Julian Stevens is looking to manage an amateur football title double

The Bolton News: Coach Julian Stevens is looking to win the league with his open-age and junior teams Coach Julian Stevens is looking to win the league with his open-age and junior teams

WHEN you are related to two all-time greats of Manchester United and Bolton Wanderers it is no wonder you will get involved in football.

That is the case with Julian Stevens who is enjoying double success as an amateur coach.

The 47-year-old is the son of former Wanderers and Everton legend Dennis, whose cousin was the great Duncan Edwards who died in the Munich Air Disaster.

Julian, whose father died a year ago today is keeping the family name uppermost in Bolton football circles.

He is the manager of Old Boltonians who are flying high 10 points clear at the top of the Lancashire Amateur League Premier Division.

And, as if not content with the time demands of combining that role with running his own business, he also coaches his son Lloyd’s under-11s side, FC Strikerz, who are second in the top division of the Bolton and Bury Football League with two games in hand.

“Football’s always been in our blood in our family so I suppose I was destined to get involved,” he said.

“My brother Gary’s three sons all played and my dad used to go and watch them but he never saw Lloyd play, though he saw him train.

“When I was born my dad retired and had a gents outfitters in Harwood. He used to coach at Newhouse Farm and I would go along with him which is where I saw what amateur football was all about.

“I didn’t play at such a high level because I was self-employed from being 18 or 19 and was tied up with running my business. I’ve been involved in amateur football in Bolton for about 25 years mainly playing and then as assistant manager and manager for the last five years.

“I do it because I enjoy it. Playing was great and you feel like you’re giving something back by managing.”

Curiously, the three teams he played for were all connected to Bolton schools – Old Sladians, Old Smithillians and Old Boltonians – none of which he went to.

“It’s just the way it happened,” said the former Turton School pupil who lives in Tottington.

But it is with Old Bolts that he wants to have his last big moment of glory in the open age game.

“I’d hung up my boots and a mate of mine invited me down to Old Bolts about 10 years ago,” he said.

“I was playing in the second team then first team from being 36 to about 40 – a bit of a Ryan Giggs career! Then I was assistant to Simon Shields, then manager for the last three seasons. It’s just been a progression.

“It’s a club where you feel you get a lot out of it as a player with the good facilities and pitch up there on the tops at Chapeltown. The people, the groundstaff, the support you get – it’s a joy to manage.

“Doing both the open-age and kids teams is a bit too much and eventually I’ll hand over Old Bolts, but I just want to win this title for them first. Last year was a sickener, losing the league by one point, but we won the Open Cup.

“We’re destined to win that league. We deserve it, the club deserves it, and it’s a good league to win – better than it’s ever been.

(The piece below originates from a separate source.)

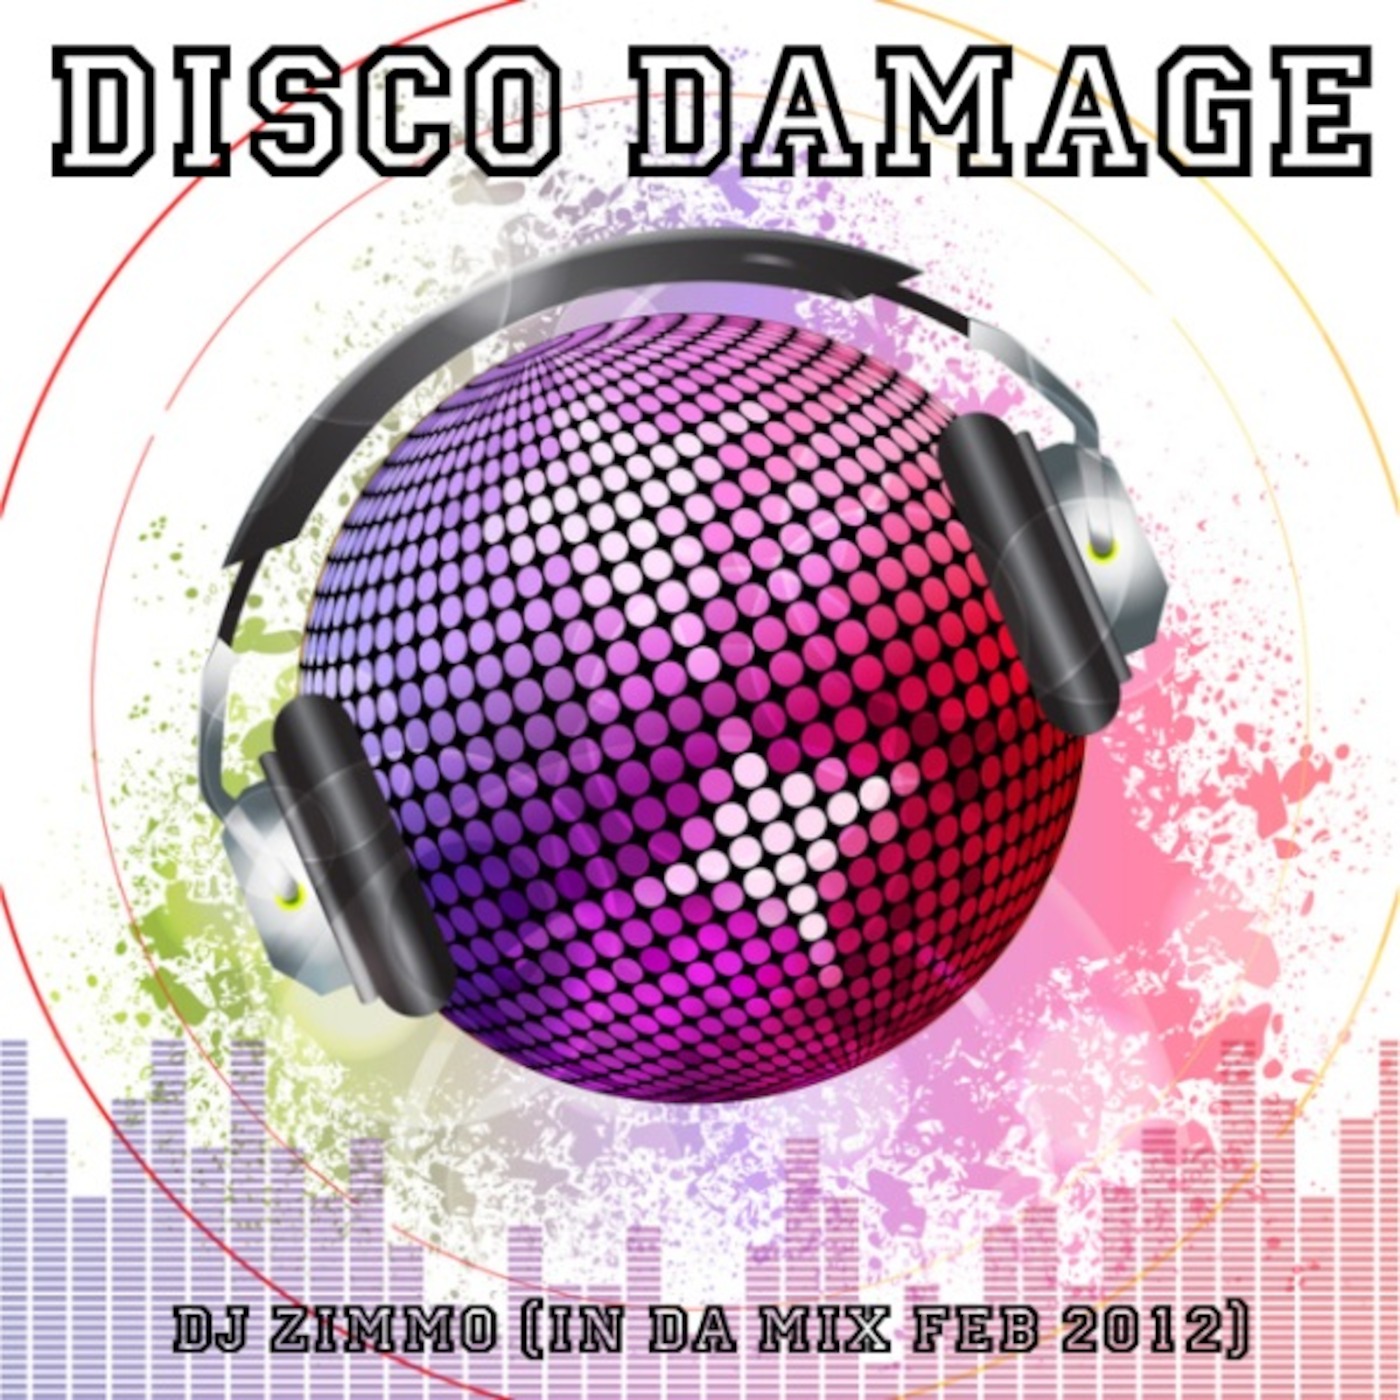 Disco Damage - February 2012

The top six are the best top six I’ve ever known.”

So, what’s the biggest difference between managing an open-age team and a team of 10-year-olds?

“There’s not a lot, to be honest,” he said. “Neither are difficult to handle because there’s a trust factor with both of them.

“I’ve built up a trust with the Old Bolts players so you ask them to do something and they just get on with it, and kids just do as you tell them.

“The biggest difference is that open-age players can have bad habits, but kids haven’t picked up any bad habits yet and you can coach them from scratch.

“They’re like sponges, they absorb everything you tell them, and it’s great to teach them something and see them reproduce it in a match.

“I’ve managed FC Strikerz for five years and I don’t just do it because my son plays but because I want to try to coach them how to play the right way.

“We try to play, pass, keep possession – as we do at Old Bolts as well – and I’d rather lose playing that way than win flinging the ball into the box and picking up scraps.

“I’ve got a chance of winning the league with both teams which would be fantastic after both teams finished second in the league last season and won the cup.”